Gaby started toward the restaurant, feeling no fear. A calm settled over her. It was very simple, just like Kyle had said. All she had to do was walk inside the restaurant and ask if they need help. It was the most basic and unsophisticated form of communication; talking. It was also a simple and noncommitting way to communicate because she wasn’t asking to be accepted or loved. It was just business. It was such a simple task, it was boring.

As she pulled the heavy glass door open, she was amazed to notice her hands were shaking. Her knees turned to jelly. Her legs were cold and numb. She frowned, realizing she was afraid after all. She let herself into the artificial cool and the dull hum of the air conditioner that muffled the genuine noise of the ocean and eliminated the authentic heat.

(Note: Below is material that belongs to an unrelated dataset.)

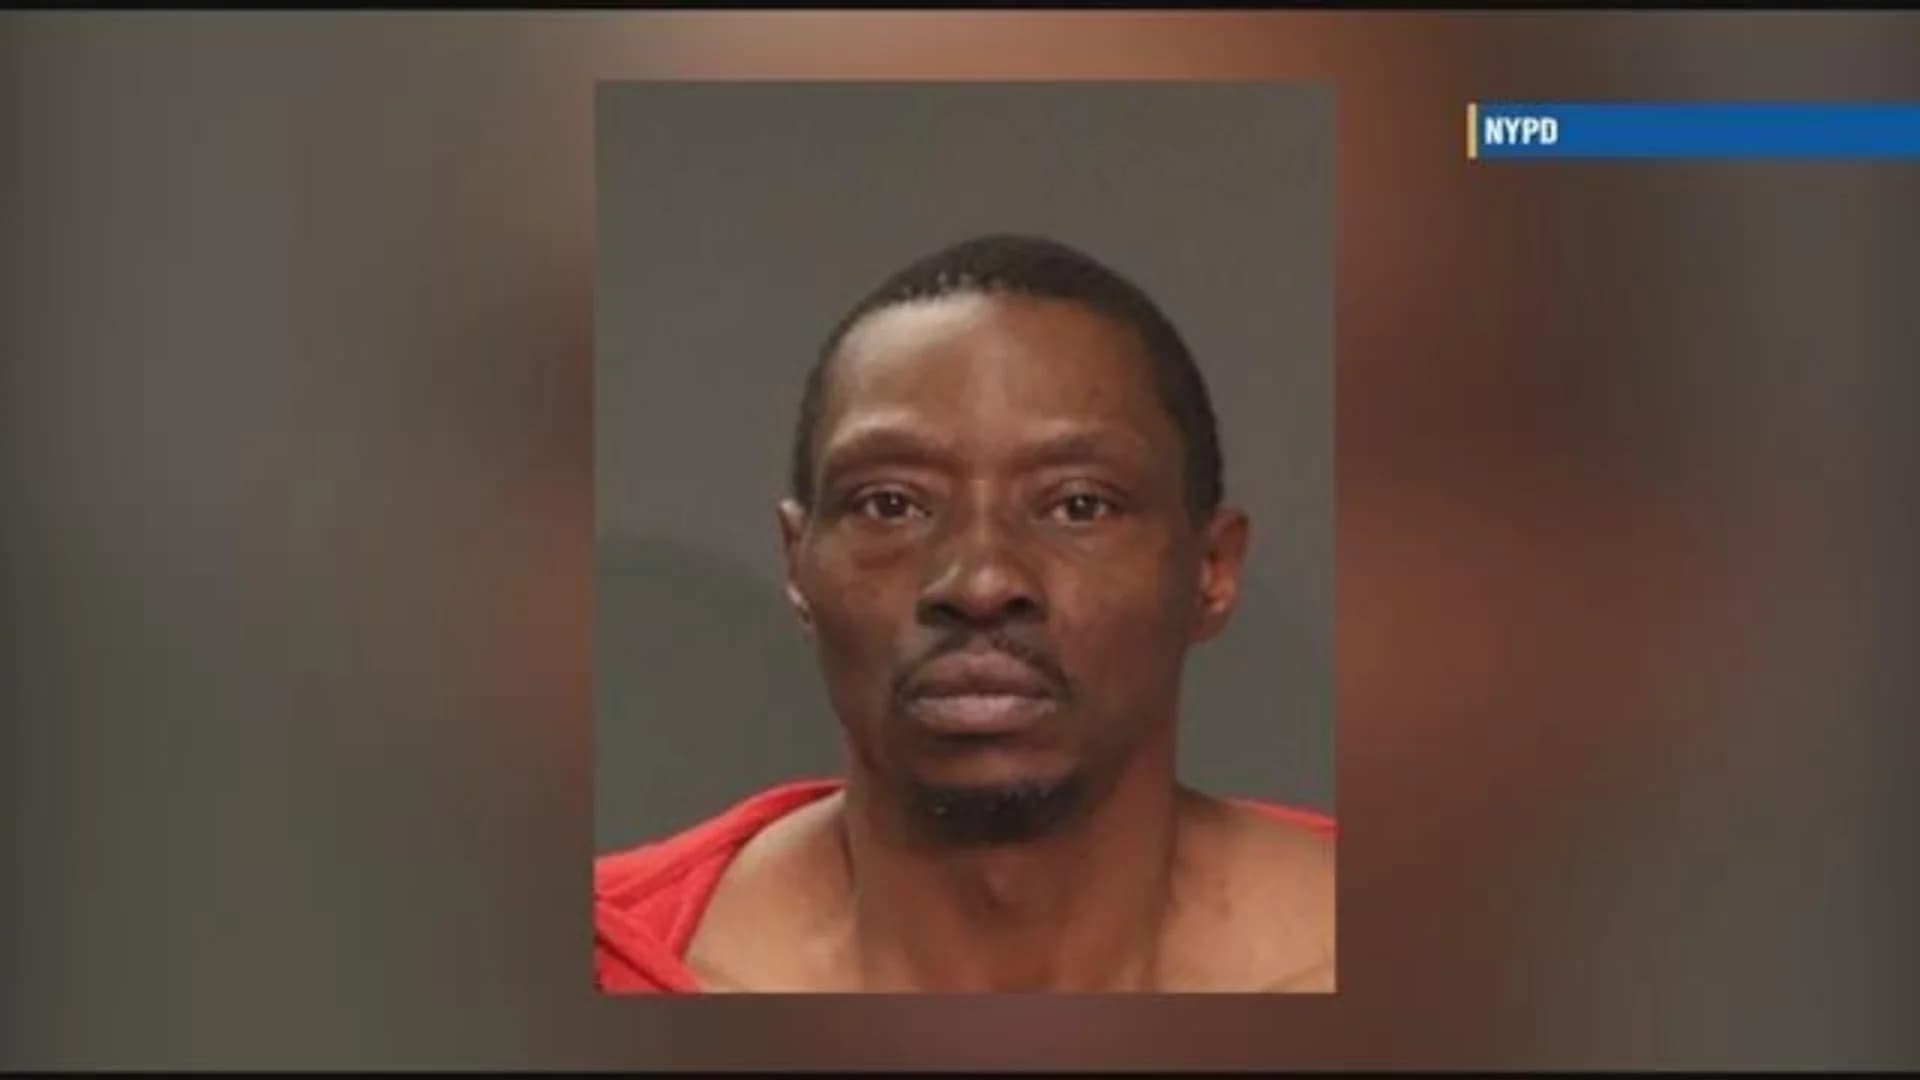 Police: Man who attempted to rape 83-year-old woman arrested

Gaby leapt out of the way as a waitress rushed toward her, balancing two trays on both arms, holding them high. Gaby started toward the cash register cautiously. Boisterous laughter erupted from the tables that lined the restaurant, voices shouted greetings, and silverwares and glasses clanked together.

Gaby was grateful for the air conditioner’s hum. Although it lacked the beauty natural sounds had, it drowned out the noise, turned it gentler and faraway, like an illusion. There’s something about distant noise that emphasizes the silence better than total lack of sound.

A tall, thin young woman leaned on the cash register, talking to another woman and a man. The three were moving their hands as they spoke, deep in conversation. Gaby hesitated.

The woman turned toward her. “Can I help you?” she asked. She had a nametag with the word ‘Manager’ on it. Such an airy word, a bit sticky and bitter, though.

Gaby froze. She had a sudden urge to flee. Images of her room and the park flashed through her mind. She longed for the safety of her house, the solitude, the routine. She dug her sandals into the polished floor that reflected the fluorescent lights above so she wouldn’t run. She tried to speak but couldn’t.

“I’m looking for a job,” she finally managed to say.

The manager looked her up and down. Gaby knew her clothes weren’t an issue. It didn’t matter that she wore purple jeans and a T-shirt with a picture of a blue-eyed, orange feral cat leaping out of a garbage can, surrounded by magenta and indigo patches. She figured the manager knew Gaby would wear work uniforms if she got hired anyway. She wasn’t working yet. She was just looking for a job. It wasn’t official.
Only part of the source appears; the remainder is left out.